**Exercise directions:** Make an exact copy of the data below, leaving out every picture.

**Information shown:**

>>

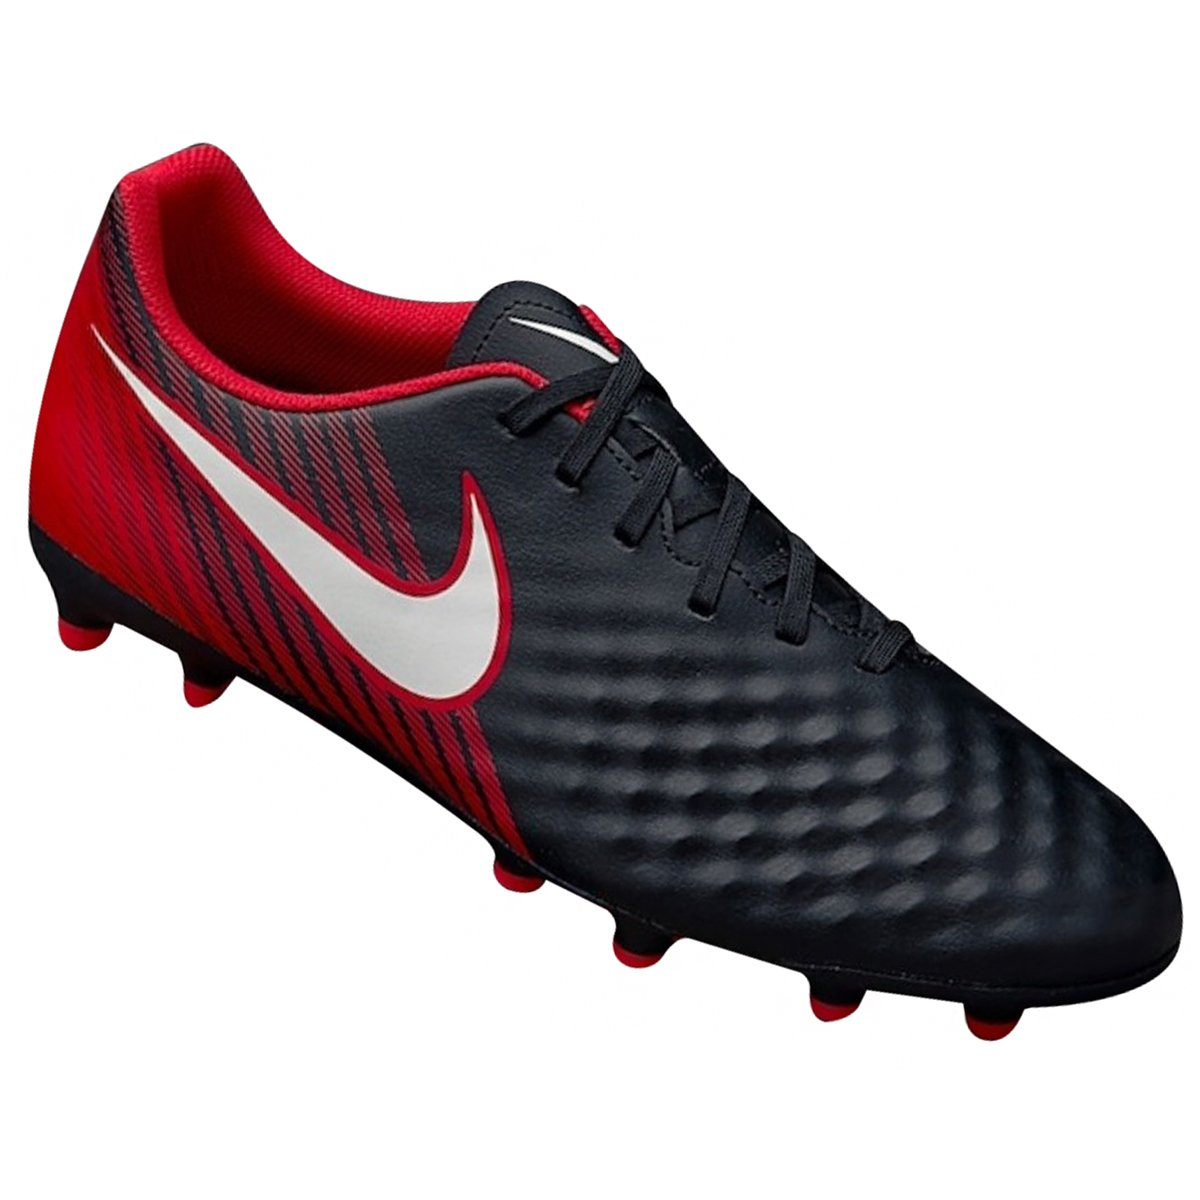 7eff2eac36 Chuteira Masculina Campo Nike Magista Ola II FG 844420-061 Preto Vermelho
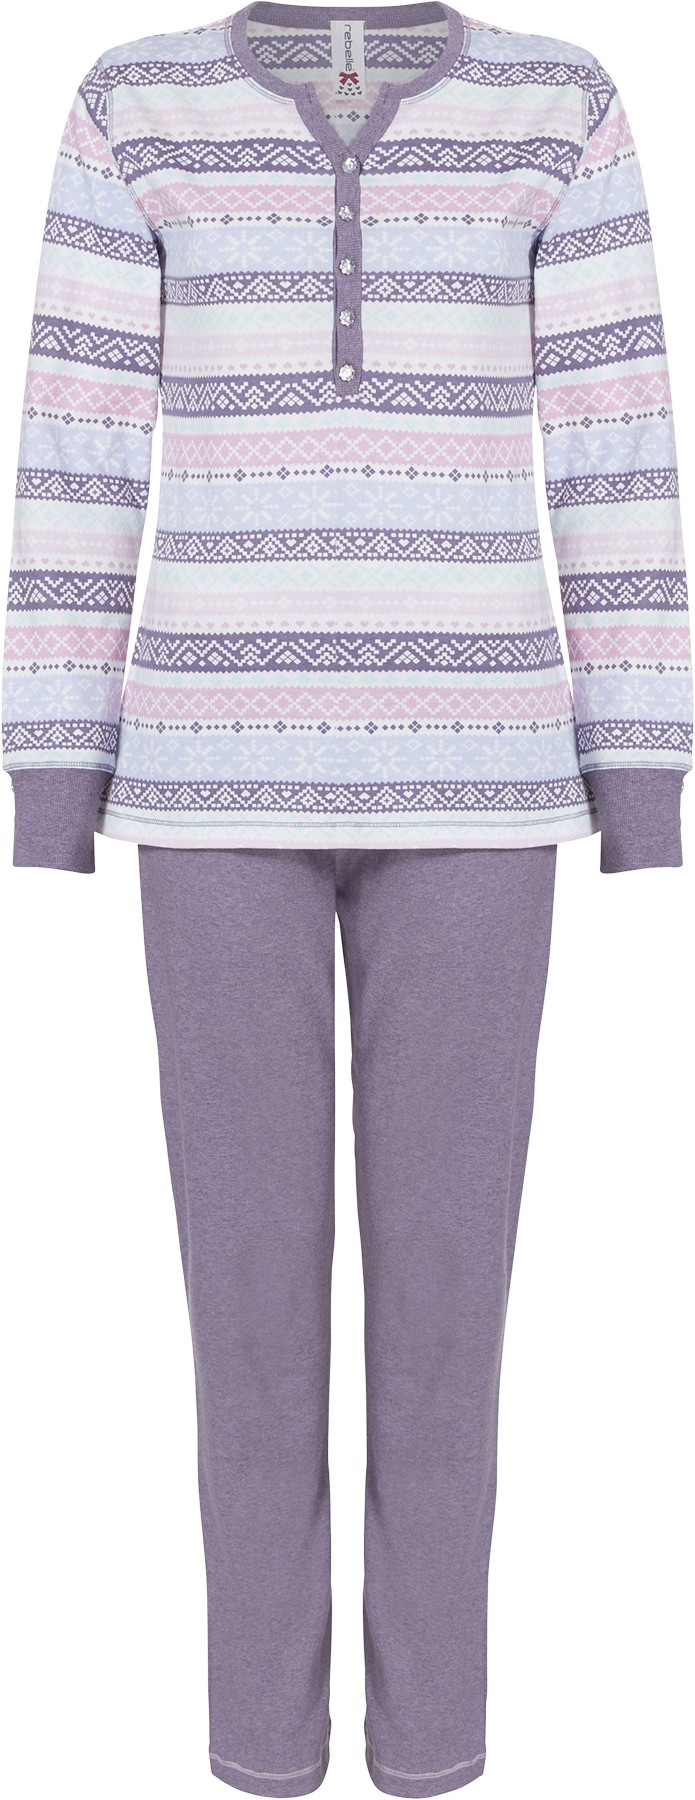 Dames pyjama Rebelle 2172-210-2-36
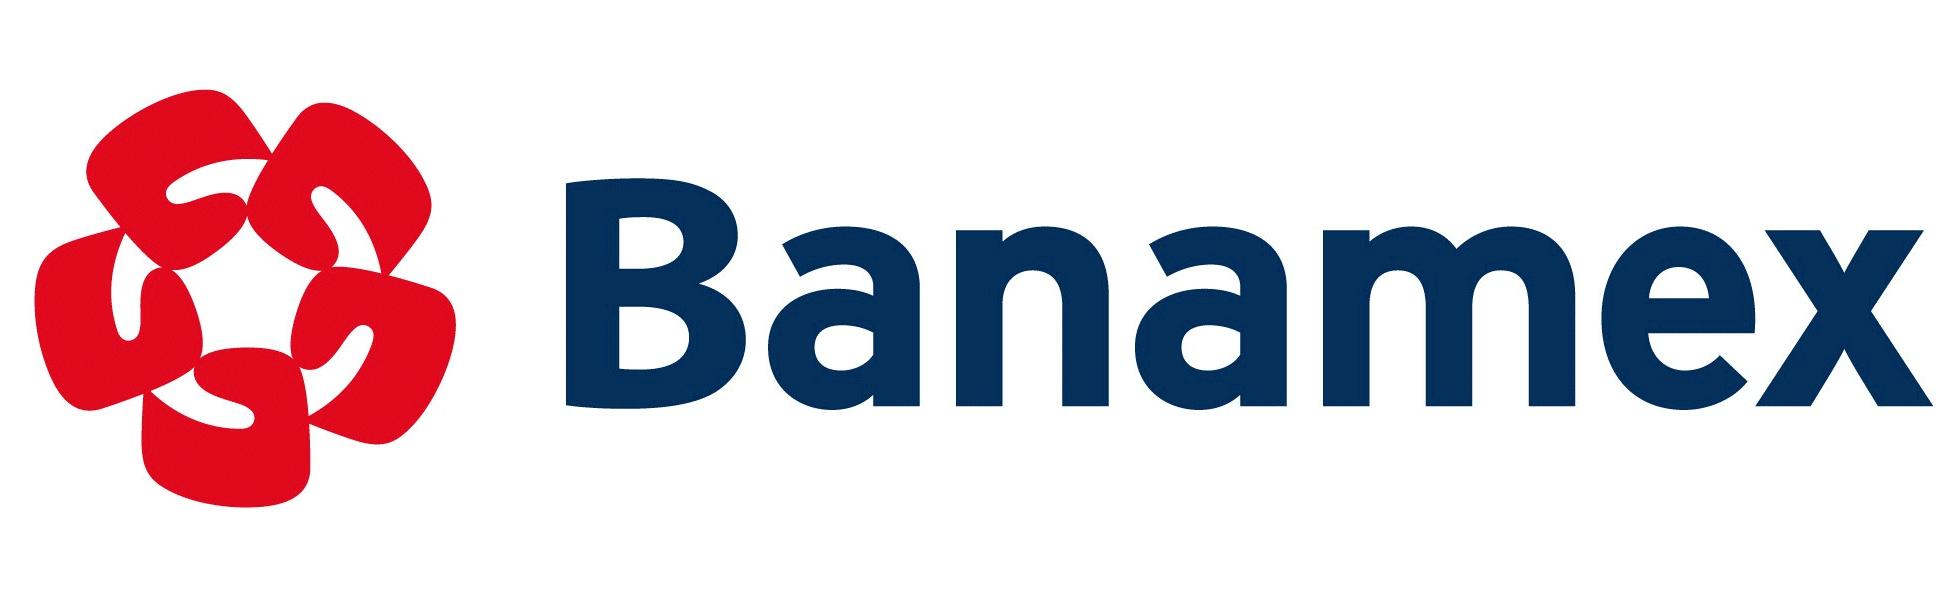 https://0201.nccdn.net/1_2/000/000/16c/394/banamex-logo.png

<<

**Answer to the problem:**
 7eff2eac36 Chuteira Masculina Campo Nike Magista Ola II FG 844420-061 Preto Vermelho
 Dames pyjama Rebelle 2172-210-2-36
 https://0201.nccdn.net/1_2/000/000/16c/394/banamex-logo.png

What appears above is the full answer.